Moreover, the higher rate of COVID-19 infections among those who received multiple vaccine doses could not be rationalized by the notion that the individuals who received more doses of the COVID-19 vaccine were elderly — and therefore already more vulnerable to getting a COVID-19 infection — because the study participants were relatively young.
The study participants were Cleveland Clinic employees whose average age was 42.
The researchers suggested that natural immunity likely played a role in providing protection against COVID-19 infection among those with fewer COVID-19 vaccinations.
Soave said:
“I just keep thinking how the places in our society that are still trying to take this decision [of whether to get multiple doses of the COVID-19 vaccine] away from individuals — like university campuses where the bivalent [COVID-19 vaccine] is going to be required still in the fall … like how naive and unscientific it is to take that decision out of people and their doctors.”
Soave also criticized “the attempts to suppress criticism of vaccines — calling it all misinformation — that has occurred online and elsewhere for the last three years.”

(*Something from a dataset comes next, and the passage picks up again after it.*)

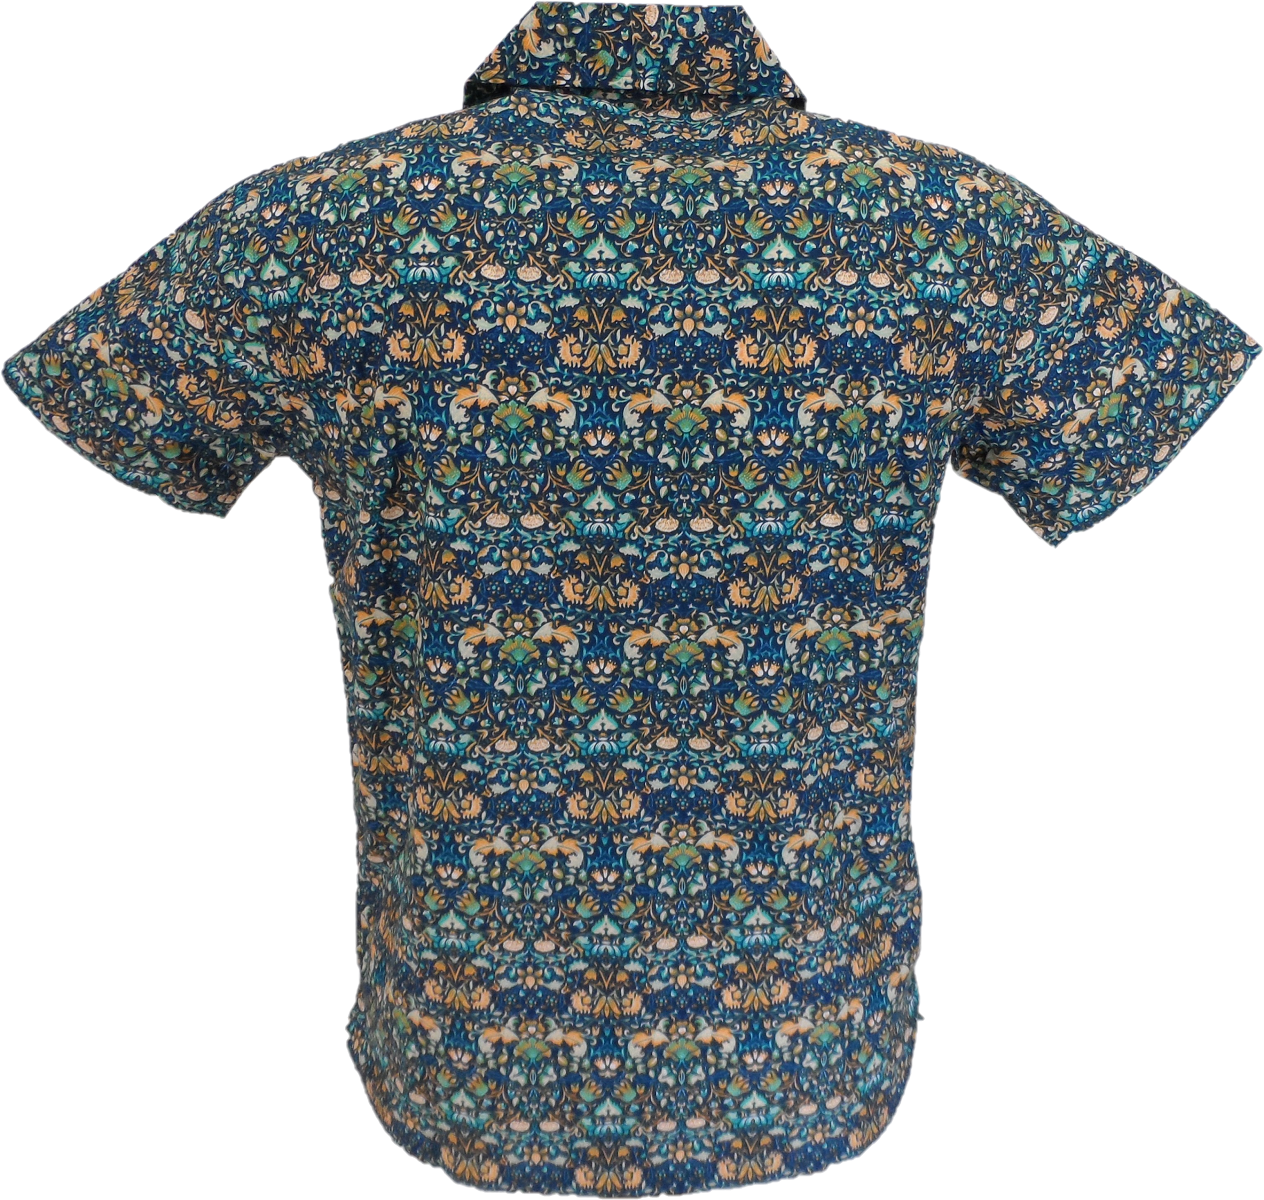 Camisa hawaiana retro azul paisley multicolor Relco para hombre

“So short-sighted,” he added.
Soave said the official U.S. public health “approach” to COVID-19 vaccination — that everyone should get vaccinated and boosted — does not make sense because, according to the study’s findings, repeated vaccination does not correlate with greater protection against COVID-19 among young people.
“If you’re a healthy young person, really all you’re doing by getting your fifth or something dose is making it slightly more likely you are going to get COVID,” he said.